ReAct vs. Plan-and-Solve: Two Ways AI Agents Handle Tasks

Once an Agent has access to tools, it still needs a strategy for using them. Should it plan the entire task first? Or should it think, take one action, observe the result, and then decide what to do next? Two useful approaches for understanding this difference are ReAct and Plan-and-Solve.

ReAct: Think, Act, Observe

ReAct combines reasoning and action in a repeating loop. The basic pattern looks like this: Thought → Action → Observation → Thought → Action → Observation.

Imagine asking an Agent: What is the weather in Toronto today, and should I bring an umbrella? The Agent may first think that it needs current weather information. It then takes an action by calling a weather tool. The tool returns an observation, such as a forecast showing rain in the afternoon. The Agent can then reason again using this new information and produce an answer.
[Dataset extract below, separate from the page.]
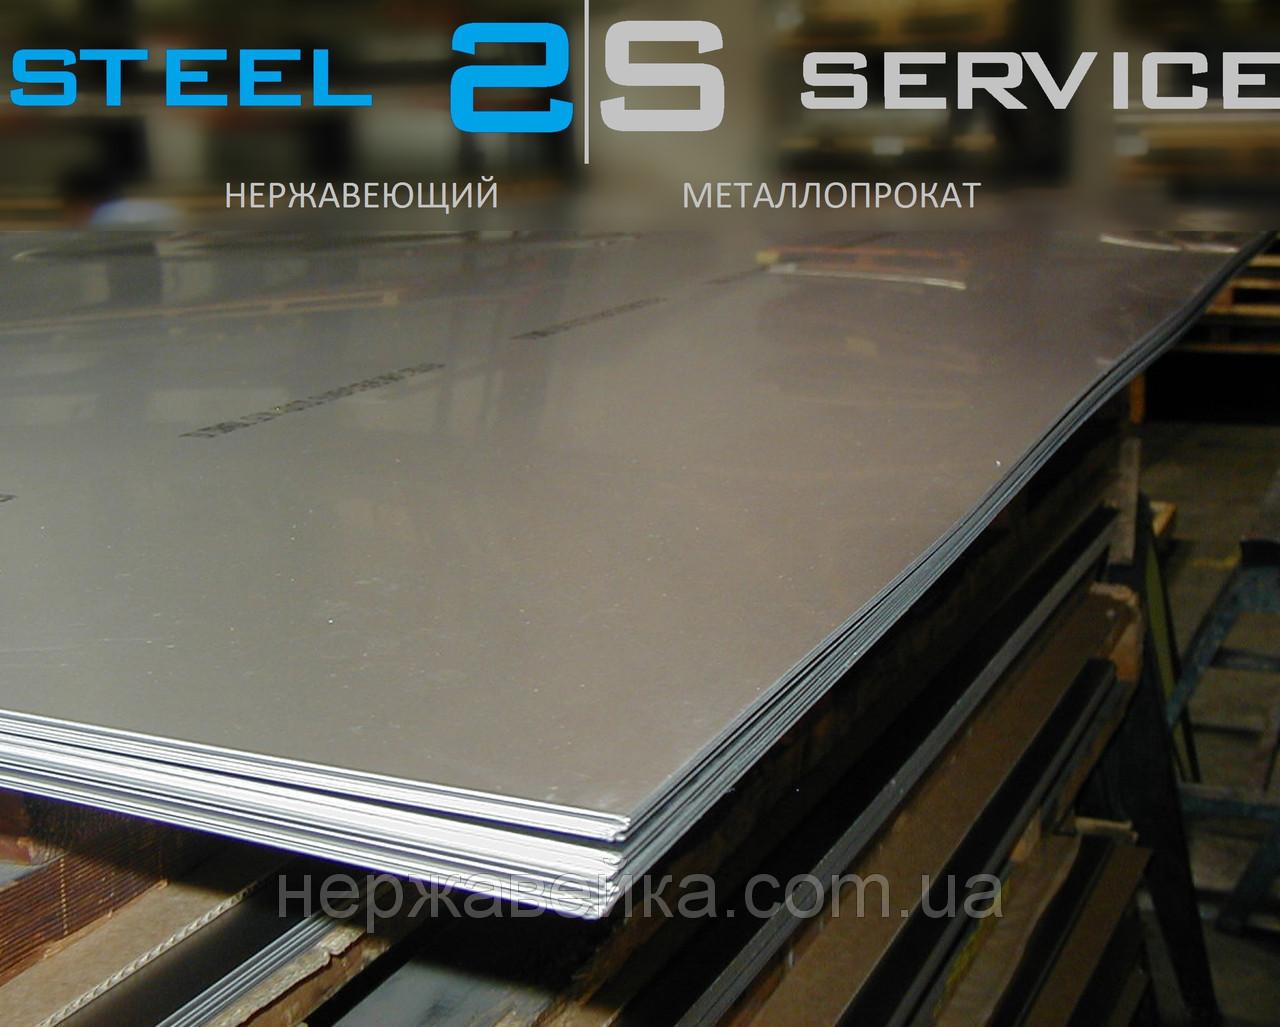 Нержавейка лист 10х1000х2000мм  AISI 316L(03Х17Н14М3) F1 - горячекатанный,  кислотостойкий

The important idea is that the Agent does not need to know the entire solution in advance. It can make one decision, observe what happens, and adjust its next step.
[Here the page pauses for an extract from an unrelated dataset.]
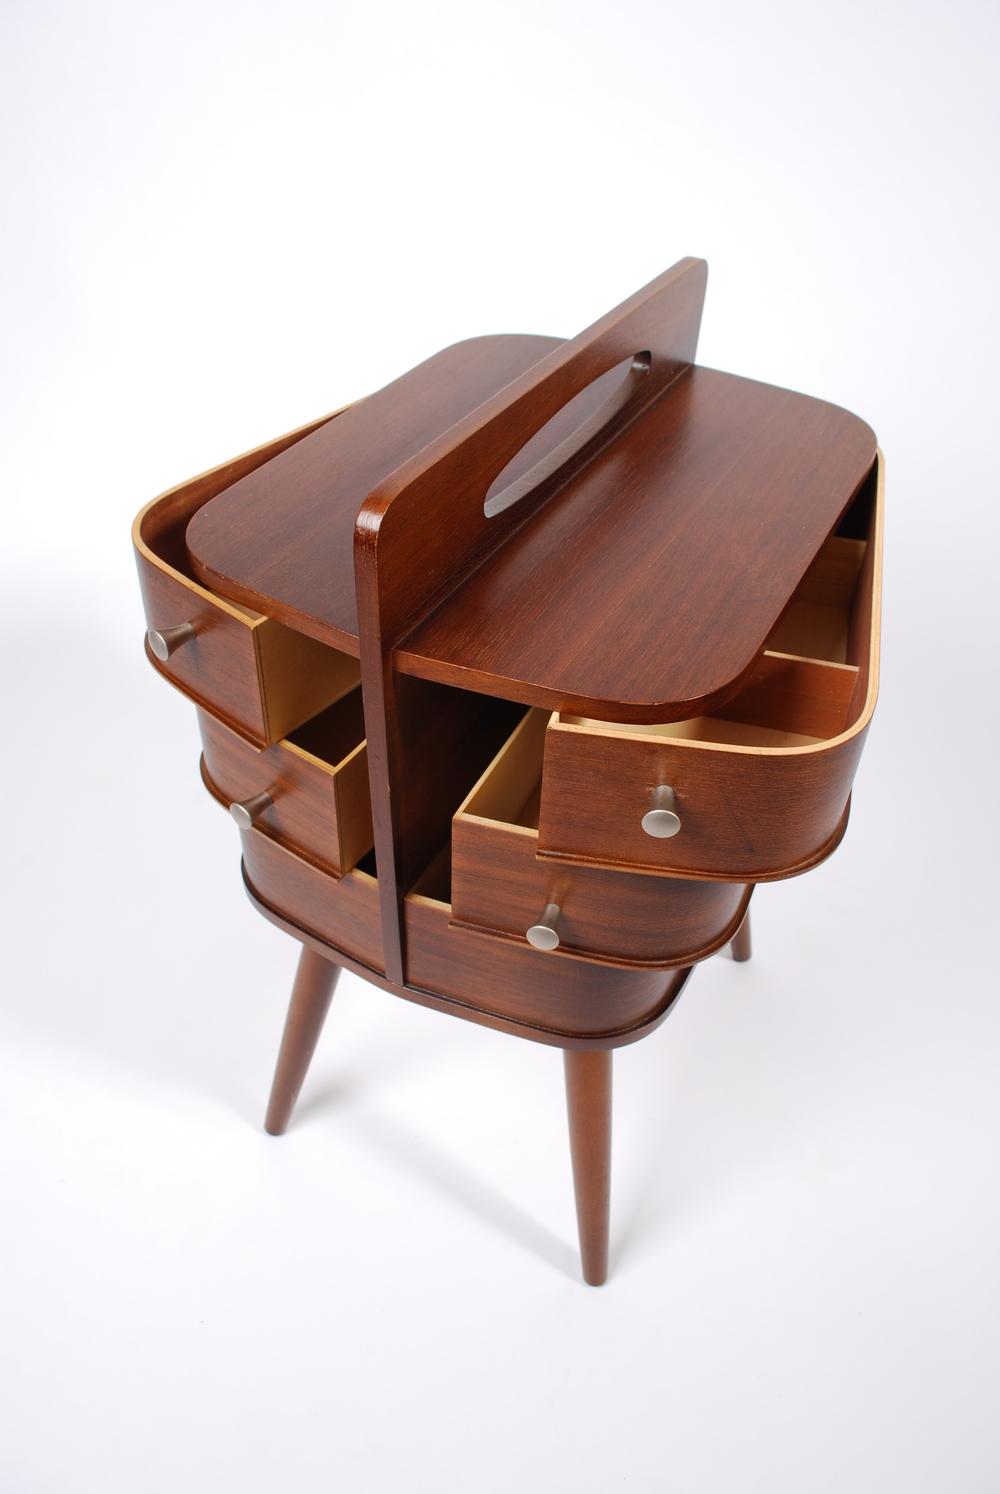 Sewing box, 60's Danish design

Why the Observation Matters

External tools can return information the model did not have before. Because of this, the result of one action may change what the Agent should do next. Consider a shopping Agent. It searches for a product and discovers that the first option is out of stock. Instead of continuing with the original assumption, it can use that observation to search for another option. This feedback loop makes ReAct useful when the next step depends heavily on what happened in the previous step.
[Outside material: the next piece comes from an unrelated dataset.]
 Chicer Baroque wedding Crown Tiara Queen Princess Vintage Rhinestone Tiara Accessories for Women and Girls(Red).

Plan-and-Solve: Plan First, Execute Second

Another approach is Plan-and-Solve. Instead of immediately switching between reasoning and actions, the Agent first creates a plan for the whole task. The process looks more like: User Request → Create Plan → Execute Step 1 → Execute Step 2 → Execute Step 3 → .... For example, suppose the user asks: Help me research three laptops and compare them based on price, battery life, and performance. The Agent could first create a plan, including Identify three suitable laptops, Collect pricing information, Collect battery specifications, Collect performance information, Compare the results and Produce a final summary. Once the plan is created, the Agent works through the steps. This separates planning the task from executing the task.

ReAct and Plan-and-Solve Are Different Patterns

The main difference is where planning happens. With ReAct, planning is more dynamic. The Agent repeatedly decides what to do based on the latest observation. With Plan-and-Solve, more planning happens at the beginning. The Agent first breaks the problem into steps and then executes them. Neither pattern means that the Agent blindly follows a fixed script. Both use the LLM’s reasoning ability, but they organize that reasoning differently.

From LLMs to Agent Workflows

This is one of the key ideas behind AI Agents. Giving an LLM access to tools is only part of the problem. The system also needs a way to decide which action to take, when to take it, and what to do with the result. ReAct handles this through a continuous reasoning and feedback loop. Plan-and-Solve handles it by separating planning from execution. Once we understand these patterns, Agent systems become much easier to reason about. Instead of treating an Agent as a mysterious AI that somehow “does things,” we can see it as a structured workflow built around reasoning, planning, tools, observations, and actions.